DESCRIPTION (provided by applicant): In alcoholism, relapse and neurodegeneration share a common molecular target, glutamate NM.D.A receptor (NM.D.AR) hyperactivity, which contributes to withdrawal, pathological conditioning and neurotoxicity. In consequence, inhibitory modulators of the NM.D.AR are both potential anti-relapse and neuroprotective agents. Agonists at the functionally similar alpha7-nicotinic acetylcholine receptors (nicAChRs) cause cross-desensitization of NM.D.ARs, and should therefore have similar therapeutic value. Few synthetic drugs with these specific pharmacological actions are yet available, but the presence of homologous receptors in insect CNS suggests that plants may have evolved metabolites with appropriate pharmacology as insect defenses.

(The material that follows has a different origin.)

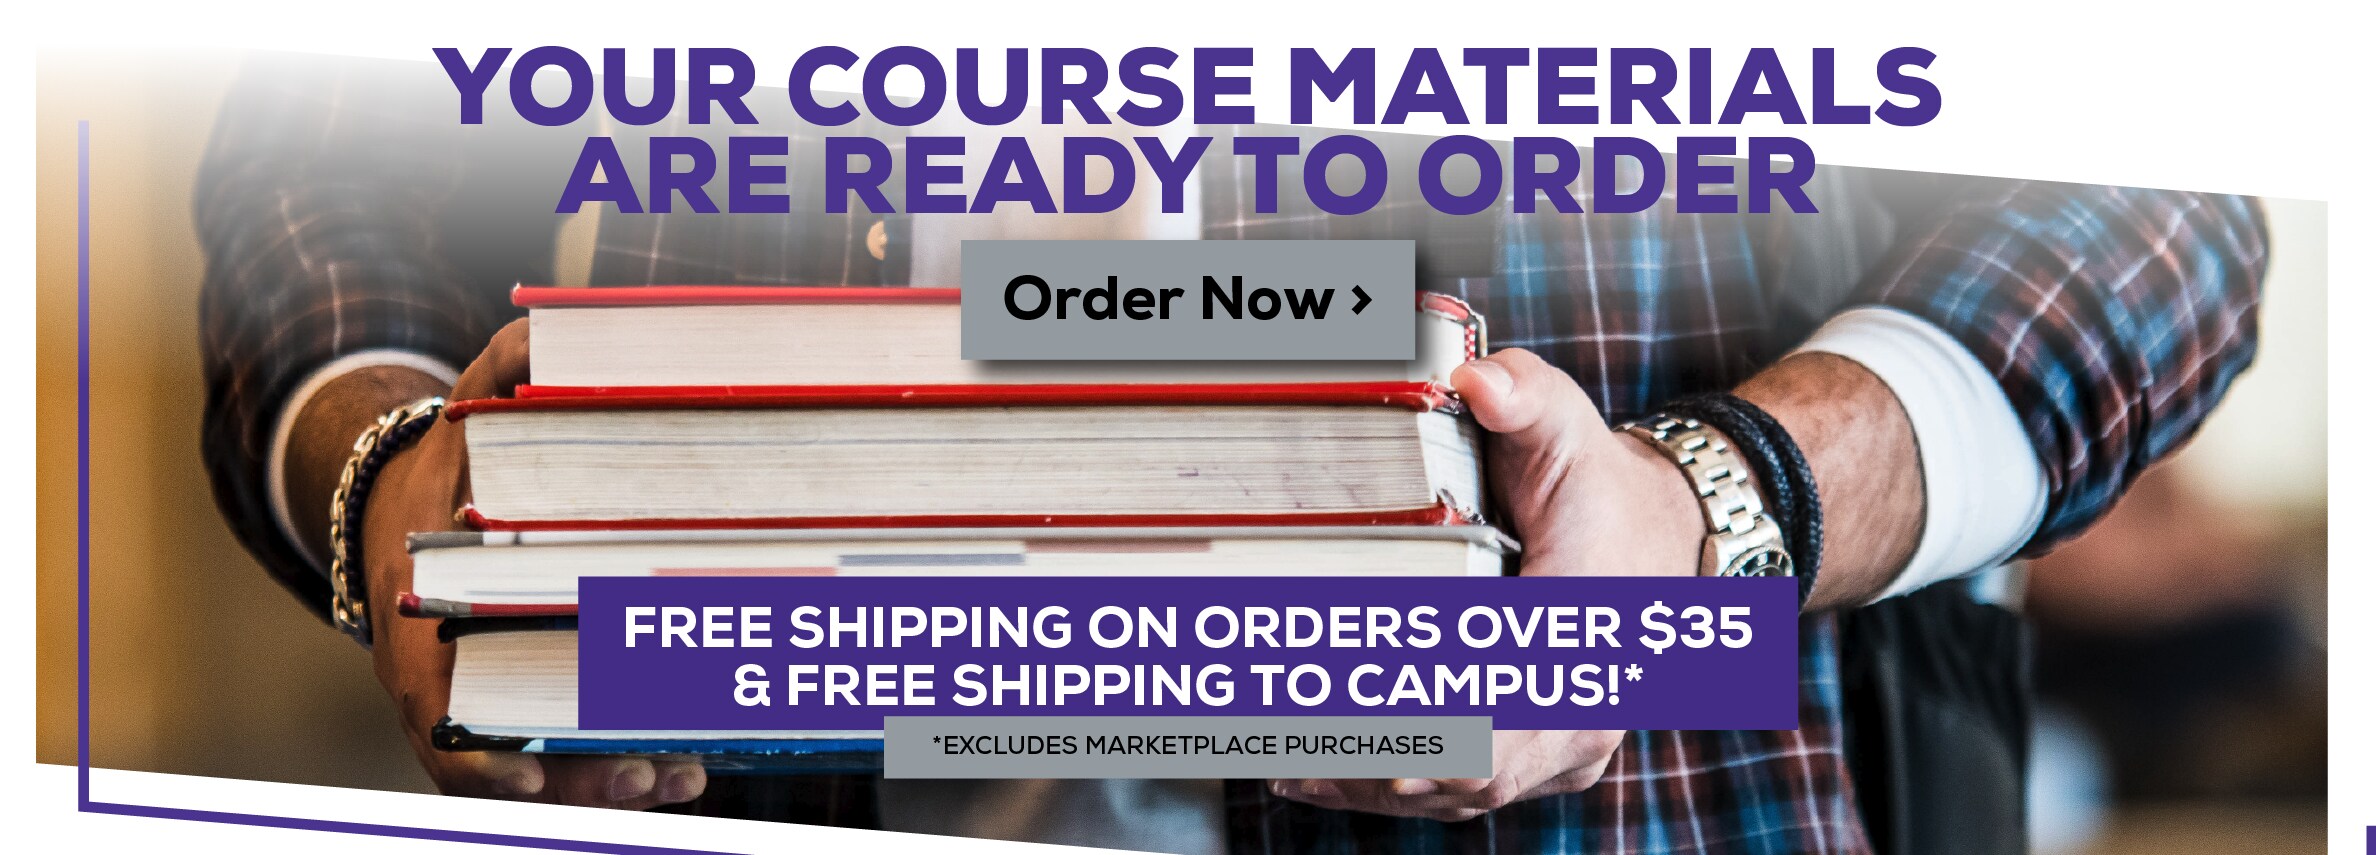 Your Course Materials are Ready to Order. Order Now. Free shipping on orders over $35 & free shipping to the campus store! *Excludes marketplace purchases.
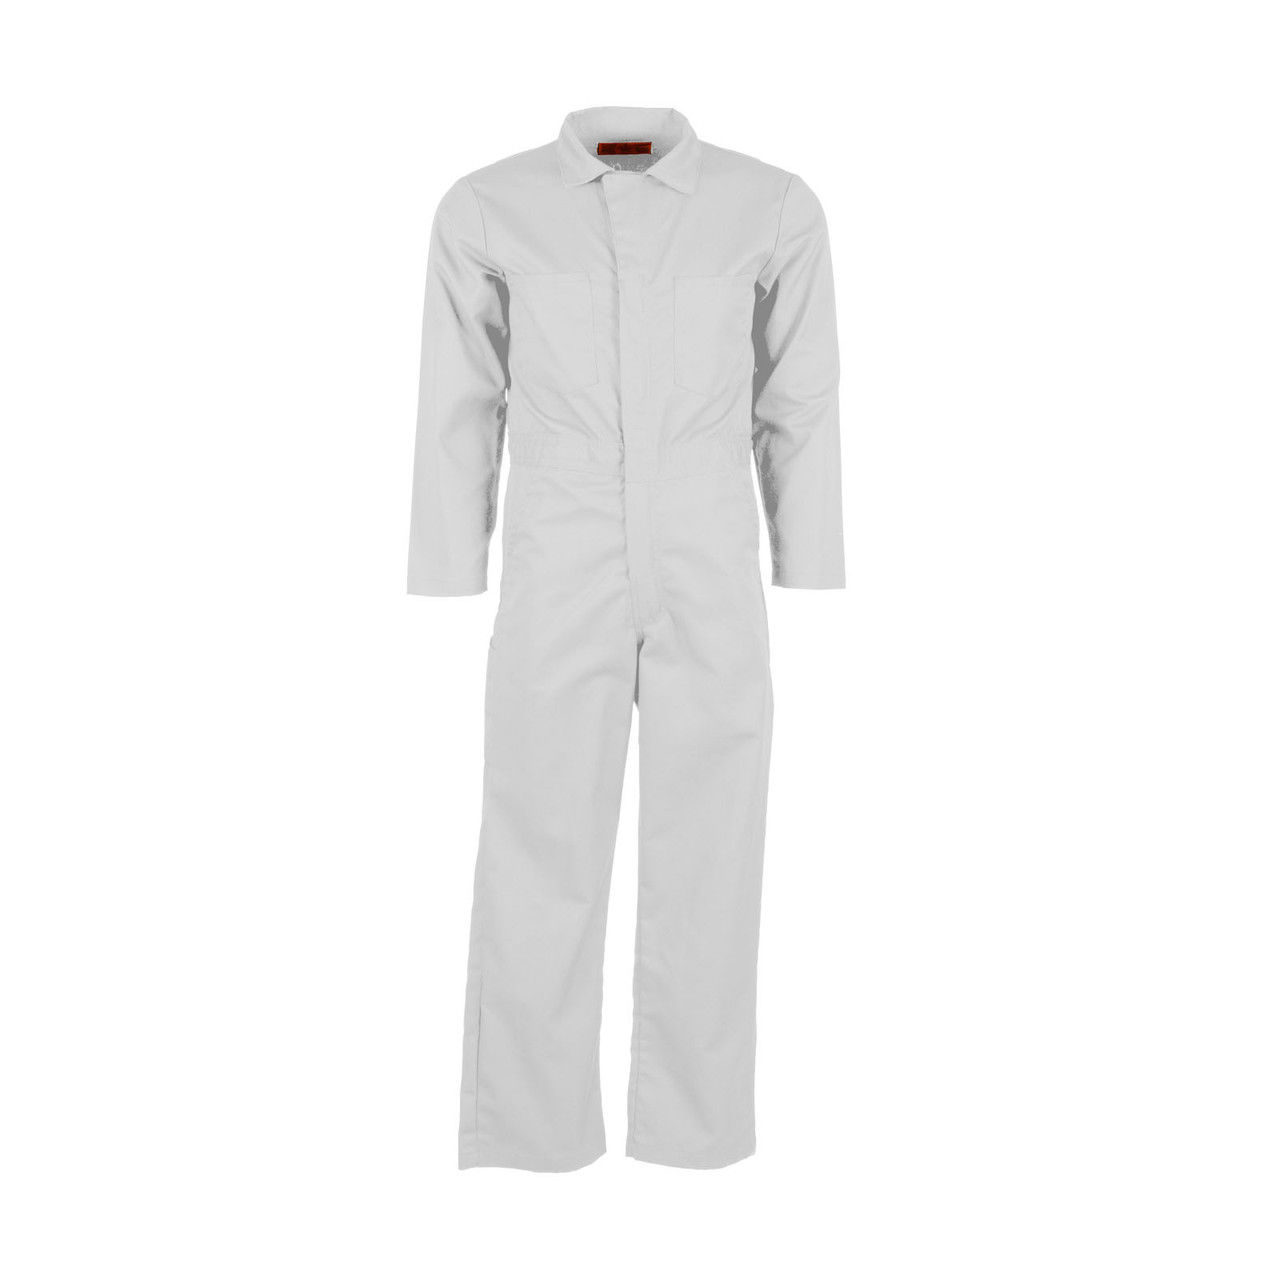 What are the shipping details for CV10WH white coveralls?

As part of a phase 1 STTR, we applied a differential high throughput screening approach to more than 1000 native plant species to identify those containing putative novel compounds with the required pharmacology. Candidate species have now been prioritized for further investigation including 2 with inhibitory NM.D.AR activity, 3 with alpha7-selective nicAChR agonist activity, and 3 with both types of activity. Extract fractions from representative species inhibit NM.D.A toxicity during alcohol withdrawal in a neuroblastoma screen. None of the species have been investigated for these actions before, and chemical analysis suggests that activity resides in compounds not previously known. This phase 2 STTR aims to (a) begin genomic optimization of active plant species using proprietary technology (b) separate relatively pure active compounds, and tentatively identify these (c) test semi-purified active compounds rigorously in screens and models relevant to relapse and neurodegeneration. In phase 3, the aim is to commercialize genomically-optimized plant species, and the best drug, or lead compound candidates in partnership with a strategic partner, Yaupon Pharmaceuticals. This project combines Naprogenix Incs novel plant biotechnology methods with the chemical analytical expertise and screening methods developed at the University of Kentucky. Because active compounds may be useful in many neurodegenerative conditions, their potential commercial value extends far beyond alcoholism. Support for this phase 2 STTR will ensure that this use will be investigated first.

描述(申请人提供)：在酒精中毒中，复发和神经退行性变共享一个共同的分子靶点，谷氨酸NM.D.A受体(NM.D.AR)过度活动，导致戒断、病理条件反射和神经毒性。因此，NM.D.AR的抑制调节剂既是潜在的抗复发药物，也是神经保护剂。功能相似的α7-烟碱型乙酰胆碱受体激动剂可引起NM.D.ARs的交叉脱敏，因此应具有类似的治疗价值。具有这些特定药理作用的合成药物还很少，但昆虫中枢神经系统中同源受体的存在表明，植物可能进化出了具有适当药理作用的代谢物作为昆虫防御。作为第一阶段STTR的一部分，我们对1000多种本地植物应用了差异高通量筛选方法，以鉴定那些含有所需药理学假定的新化合物的植物。候选物种现在已被优先进行进一步研究，包括2个具有抑制NM.D.AR活性的物种，3个具有α7选择性NicAChR激动剂活性的物种，以及3个同时具有这两种活性的物种。在神经母细胞瘤筛查中，从代表物种中提取的部分抑制酒精戒断期间的NM.D.A毒性。这些物种以前都没有被研究过这些作用，化学分析表明，活性存在于以前不知道的化合物中。第二阶段STTR的目标是：(A)使用专利技术开始活性植物物种的基因组优化；(B)分离相对纯净的活性化合物，并初步鉴定这些活性化合物；(C)在与复发和神经退化相关的筛查和模型中严格测试半纯化活性化合物。在第三阶段，目标是与战略合作伙伴Yaupon制药公司合作，将经过基因优化的植物物种和最好的药物或领先候选化合物商业化。该项目将Naprogenix Incs新的植物生物技术方法与肯塔基大学开发的化学分析专业知识和筛选方法相结合。由于活性化合物可能在许多神经退行性疾病中有用，它们潜在的商业价值远远超出了酒精中毒的范畴。对此阶段2 STTR的支持将确保首先调查此使用情况。